Martin Diablo on top and Hoyt Buffalo on the bottom.







The Hoyt Buffalo weighs 3.2 pounds while the Martin Diablo weighs 2.7 pounds but you would think the reverse when you look at the two risers.

Closeup of the Martin Diablo Riser with the NAP 360 QUICKTUNE REST. You can also see the rubber components that are part of the Martin VIBRATION ESCAPE SYSTEM.








Closeup of the Hoyt Buffalo Riser with the rounded rest. The side plate is not worn - that is actually a lighter color fur that looks like there is nothing there.








The plastic rest that ships with the Diablo - the only thing I would recommend replacing as the bow comes from the factory.

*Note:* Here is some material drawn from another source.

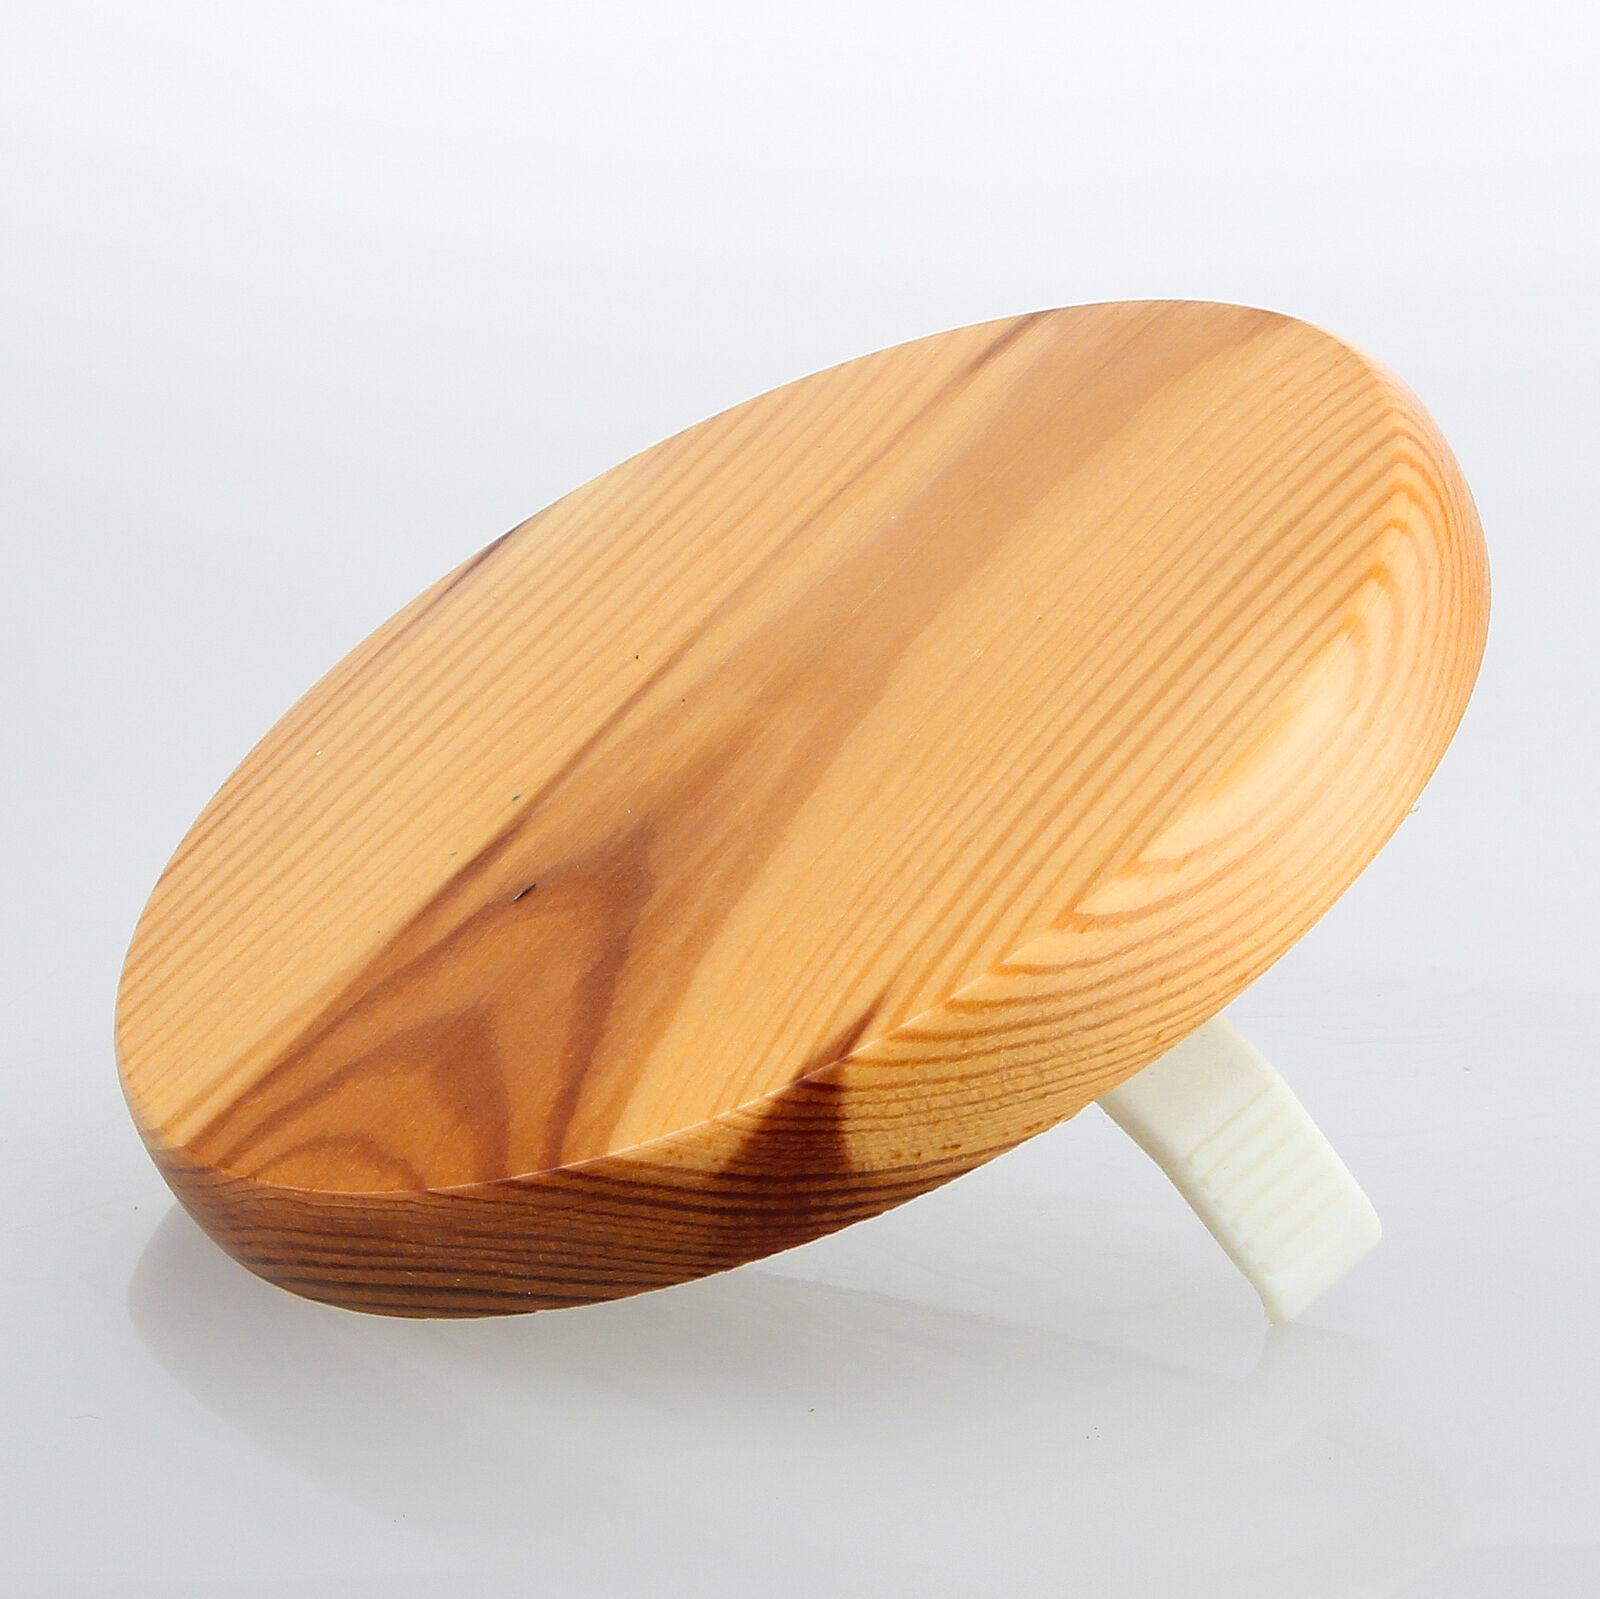 Holz Federdeckel 95x11 mm Kiefer für Verteilerdose Schalterdose

Both bows are 62 inches and 45 pounds @ 28 inch draw with Fast Flight strings. I checked each one with a bow scale to verify they are actually the same draw weight. Both bows are at the same brace height as well. For my comparison test I used Easton Carbon Raider 55-70 arrows with 100 grain field tips and 4 inch vinyl fletches. I can't say the total weight of the arrows as I do not have a scale for that purpose but all 12 arrows are identical. The only difference in the 6 arrows I shot on the Martin Diablo had the nocks rotated 45 degrees due to the NAP 360 QUICKTUNE REST I added to replace the stock arrow rest that comes with the Diablo. The stock rest is a rather inexpensive plastic centerest and I had a lot of difficulty keeping the arrows on the rest when at full draw. The arrows kept pushing to the right and jumping over the very small side plate of the rest. The NAP 360 QUICKTUNE holds the arrows in place very nicely and the Hoyt Buffalo has a very well rounded rest that provides minimal arrow contact. The Hoyt Buffalo uses a standard traditional recurve rest and does not have any threading for a sight while the Martin Diablo does have the feature of the threaded riser for sights and optional rests. 

In order to ensure the closest possible test shots I did not use my finger tabs but instead used a string release that is designed to shoot off the string not a loop. I also used great care in the hand position locking my thumb behind my jaw every time. I fired 6 arrows through the chronograph for each bow and I repeated this twice on each bow. The speed range for the the Diablo was between 160-166 fps. The speed range for the Buffalo was 162 - 167 fps. Very little difference between the two bows averaging 163 and 164. 

Arrow flight was very similar between both bows. I did not pay specific attention to accuracy as I was concentrating more on my shooting hand position and getting the arrows through the center of the chronograph. I can say that when I shoot both bows in my backyard 30 yard range my accuracy is the same with either bow. 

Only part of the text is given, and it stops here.